While this U.S. intervention might not immediately affect crude oil prices due to the current market surplus, it has the potential to significantly disrupt energy markets.
Venezuela’s oil sector has suffered from years of neglect and sanctions, leaving it in a state of disrepair. Some industry experts suggest that with proper investment, Venezuela could swiftly increase its production from the current 1.1 million barrels per day, potentially doubling or tripling output to return to historic levels. However, others caution that the recovery could take much longer.
Neal Dingmann from William Blair expressed skepticism about the feasibility of U.S. oil companies investing heavily in Venezuelan infrastructure. “Despite the Trump administration’s assertions, political uncertainties and the currently low oil prices might deter significant investment in the near term,” he noted. Dingmann emphasized that meaningful increases in Venezuelan oil production would require substantial time and investment in infrastructure.
Any potential investment would occur against the backdrop of a weakened global energy market. U.S. crude prices have dropped 20% since last year. The price of benchmark U.S. crude has remained below $70 per barrel since June and hasn’t reached $80 since the summer of 2024.
JPMorgan anticipates a temporary decline in Venezuela’s oil production but predicts a quick recovery. They estimate that production could climb to between 1.3 million and 1.4 million barrels per day within two years following a political shift.
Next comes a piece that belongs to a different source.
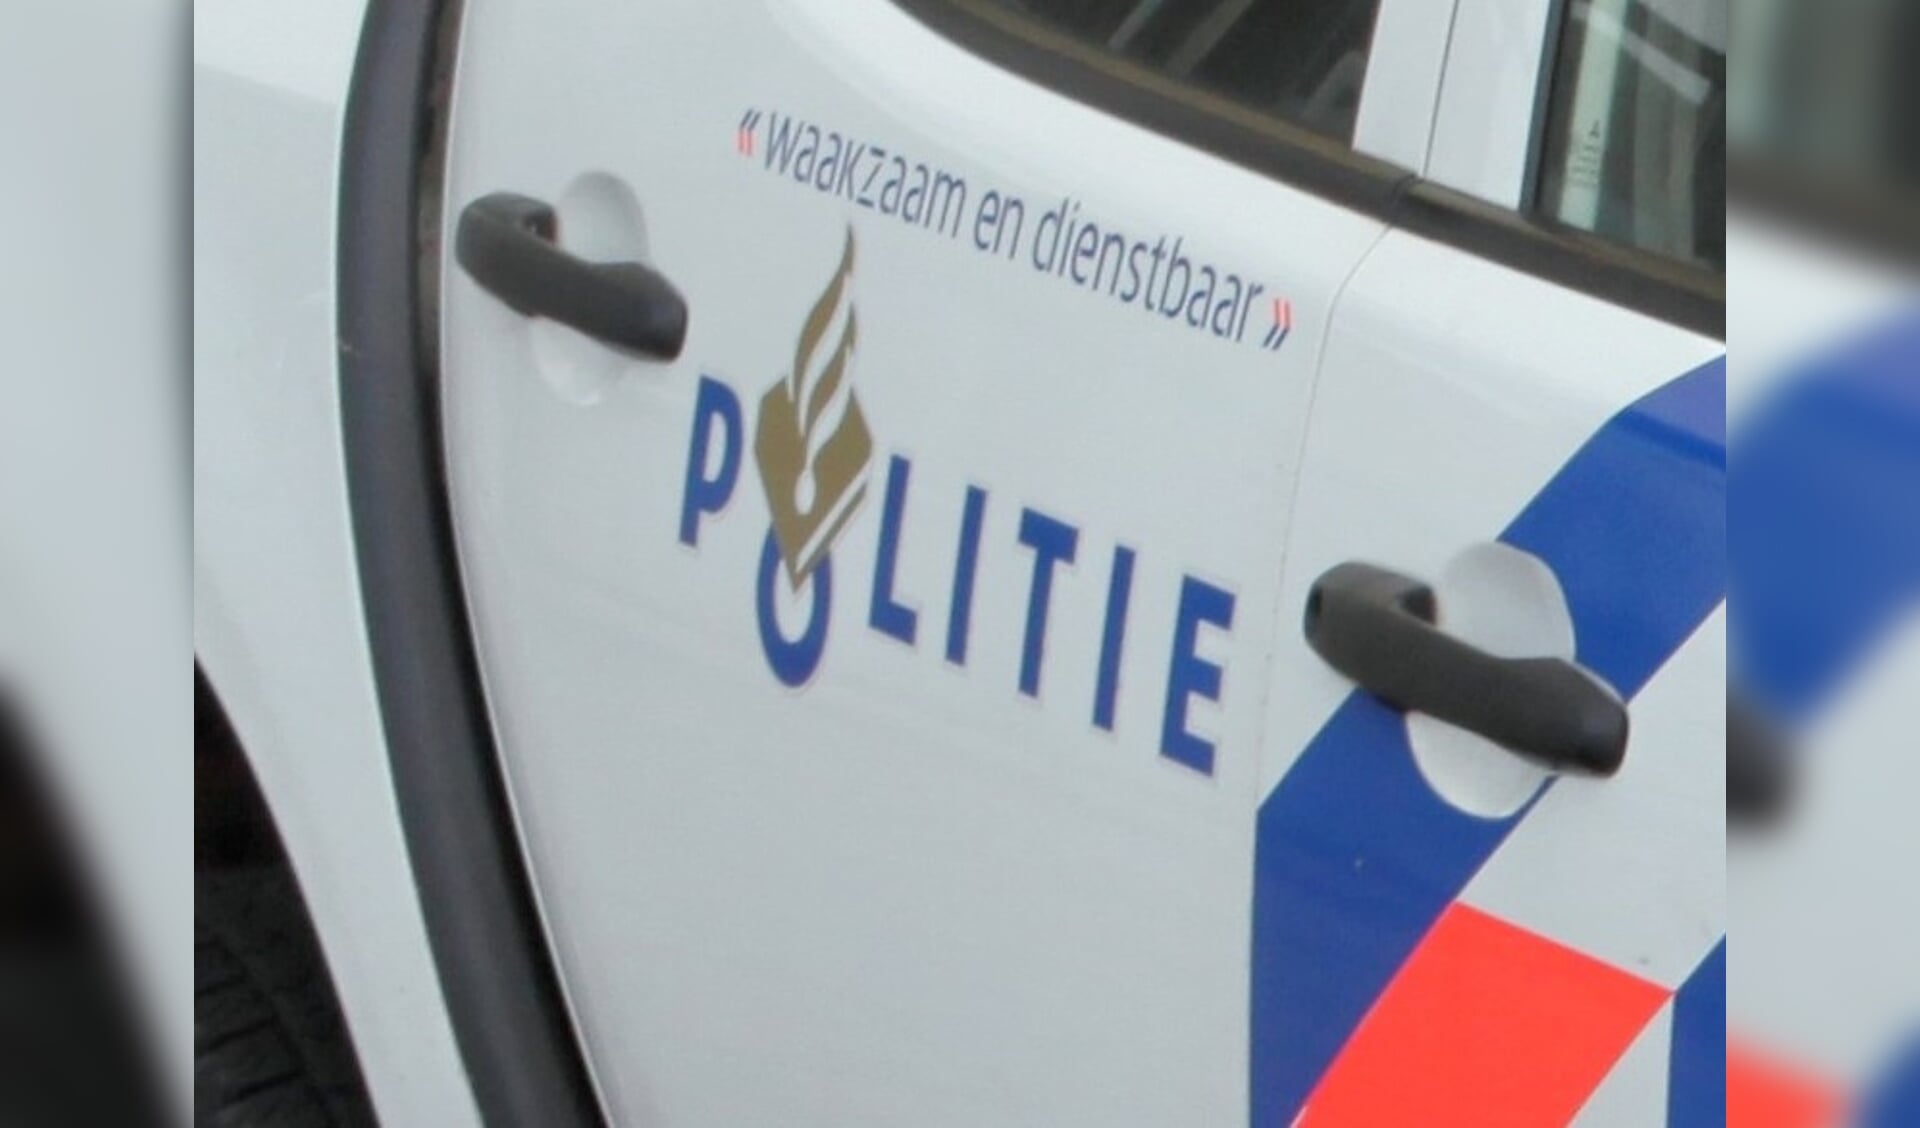 Twee verdachten, waaronder iemand uit Waddinxveen, is aangehouden.

“With new investments and major institutional reforms, output could potentially expand to 2.5 mbd over the next decade,” JPMorgan wrote.
There’s several factors that could impact Venezuelan production, including how quickly a government transition can take hold and how fast and willing multinational oil companies are to reenter the country, wrote John Freeman of Raymond James.
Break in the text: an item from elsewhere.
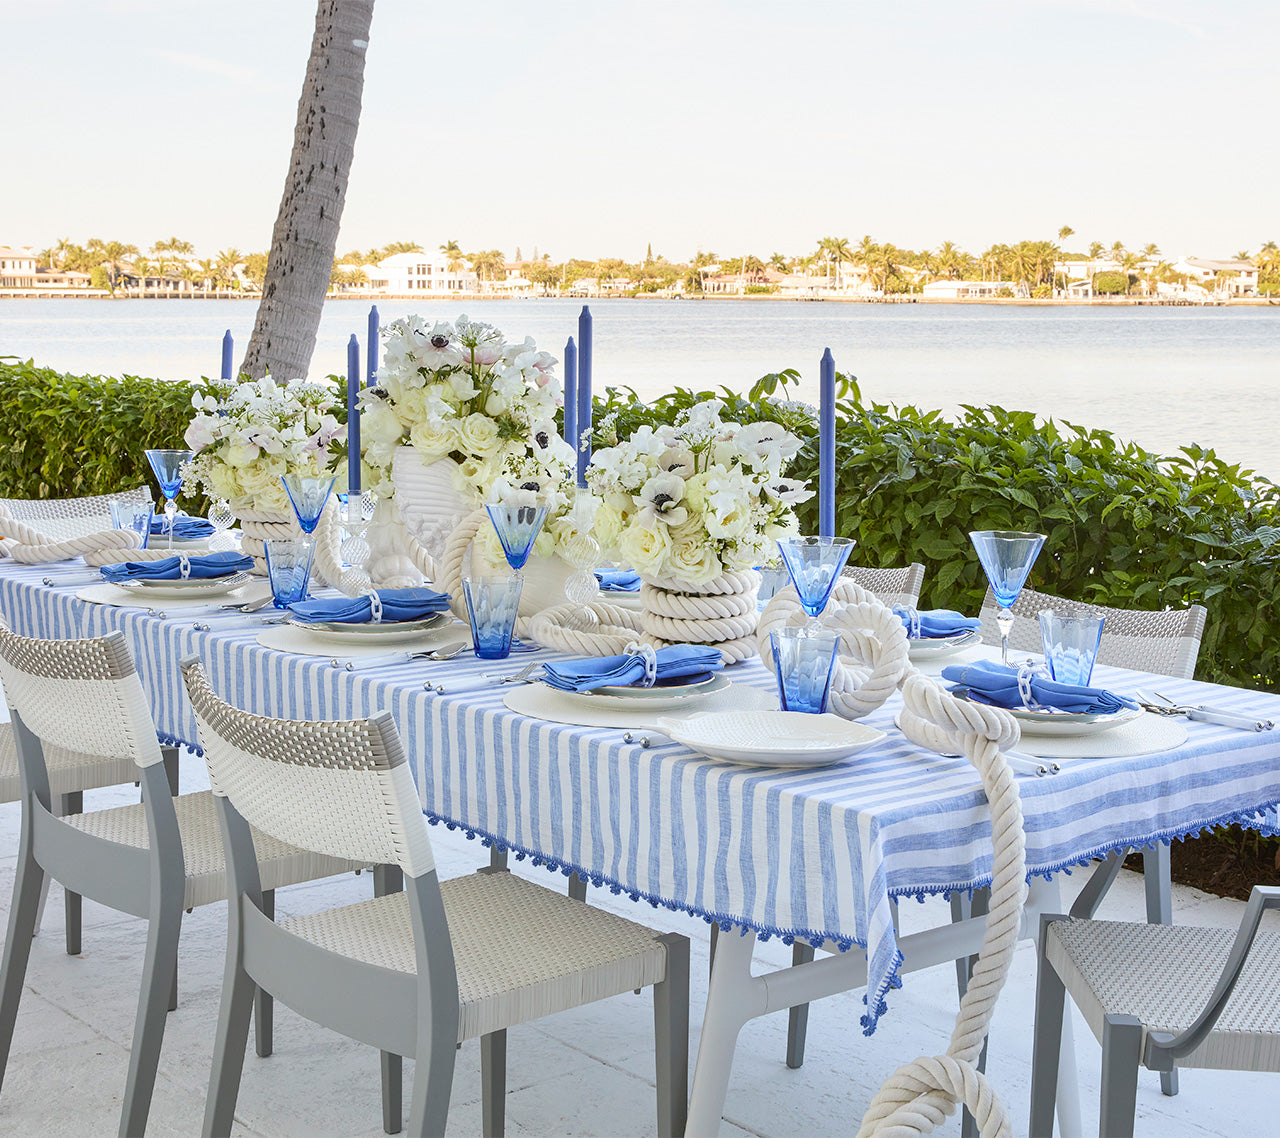 Kim Seybert Luxury Linea Tablecloth in White & Blue

At the opening bell, shares in the energy sector moved broadly higher, particularly companies with large refinery operations.
Venezuela produces the kind of heavy crude oil that’s needed for diesel fuel, asphalt and other fuels for heavy equipment. Diesel is in short supply around the world because of the sanctions on oil from Venezuela and Russia and because America’s lighter crude oil can’t easily replace it.
Big refiners like Valero, Marathon Petroleum and Phillips 66 rose between 5% and 6% at the opening bell.
Oilfield service companies, those that actually go into the field and do the drilling and upkeep, rose even more sharply. SLB and Halliburton rose between 7% and 8%.
Major oil exploratory companies including ExxonMobil, Chevron and ConocoPhillips rose between 2% and 4%.